╭─ Supplied information
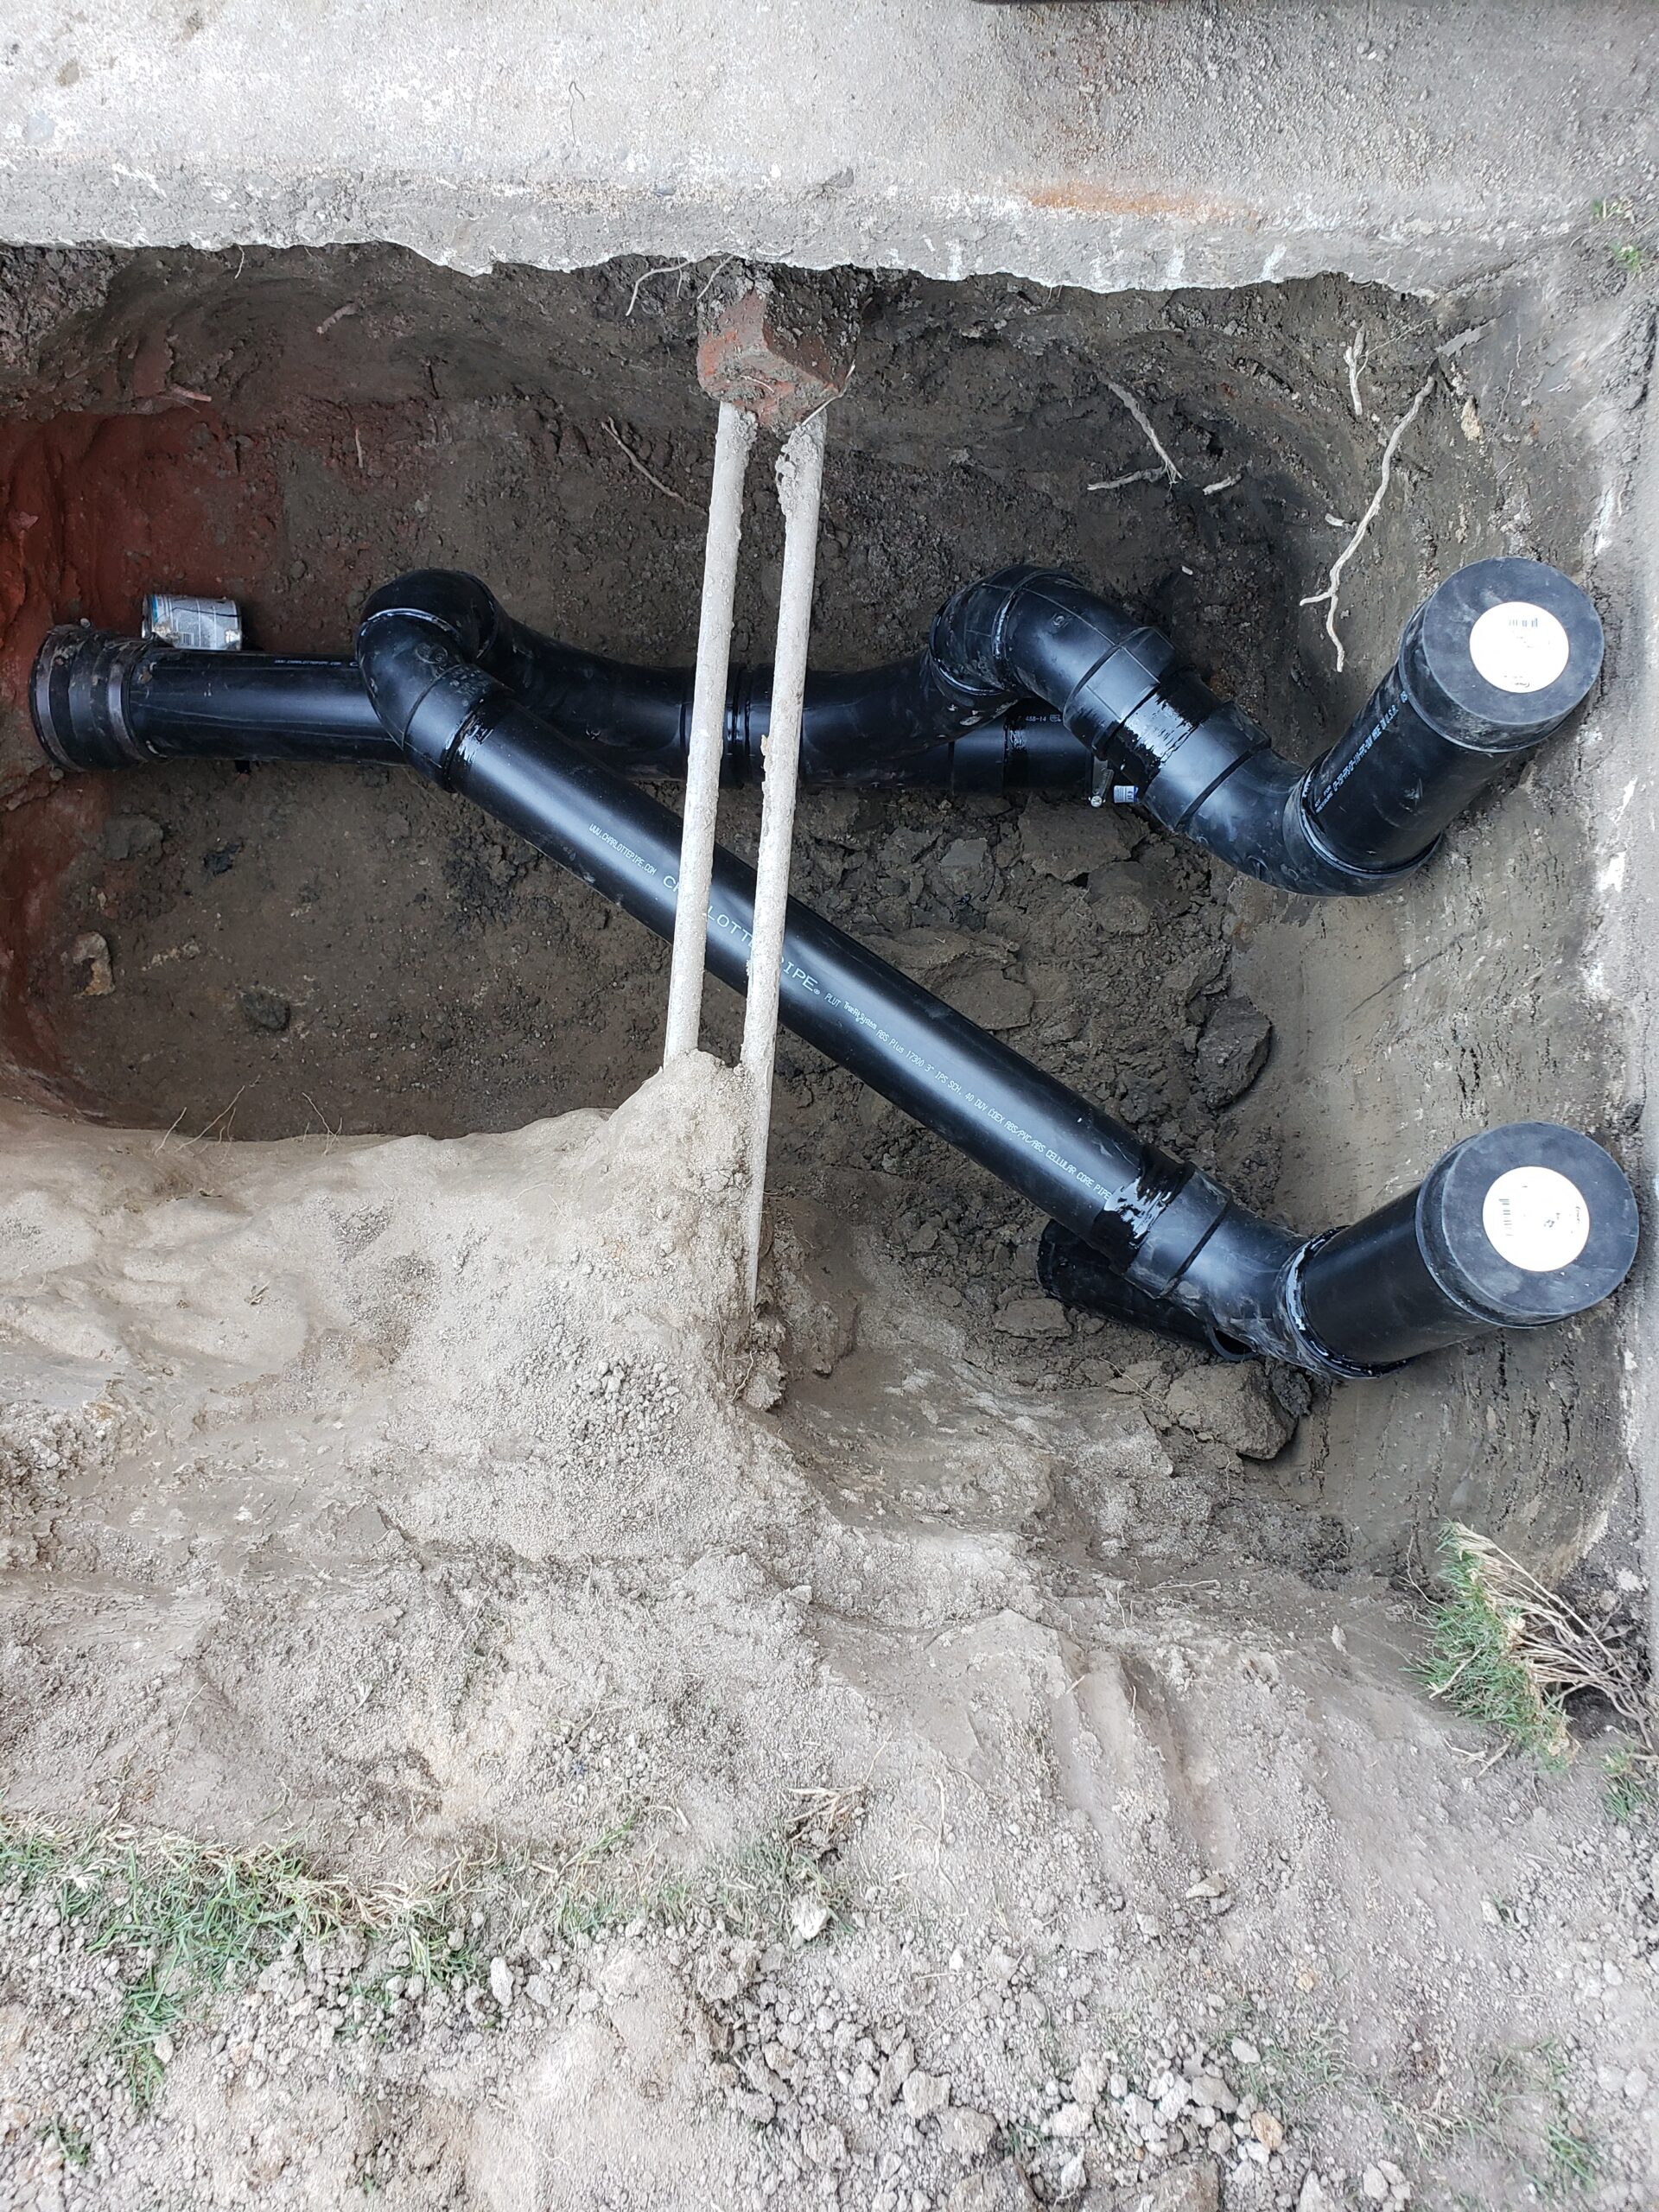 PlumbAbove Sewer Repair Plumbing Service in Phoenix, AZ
╰─
╭─ Supplied information
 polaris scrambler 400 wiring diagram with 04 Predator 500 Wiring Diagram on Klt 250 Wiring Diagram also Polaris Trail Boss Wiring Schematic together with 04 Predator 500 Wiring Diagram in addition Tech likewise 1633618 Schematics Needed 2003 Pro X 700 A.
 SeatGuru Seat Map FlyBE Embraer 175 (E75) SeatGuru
╰─
**Work order:**
After locating the line holding "polaris scrambler 400" above, output exactly that line and every line after it through the line holding "SeatGuru Seat Map". Include nothing else.

**Solution:**
 polaris scrambler 400 wiring diagram with 04 Predator 500 Wiring Diagram on Klt 250 Wiring Diagram also Polaris Trail Boss Wiring Schematic together with 04 Predator 500 Wiring Diagram in addition Tech likewise 1633618 Schematics Needed 2003 Pro X 700 A.
 SeatGuru Seat Map FlyBE Embraer 175 (E75) SeatGuru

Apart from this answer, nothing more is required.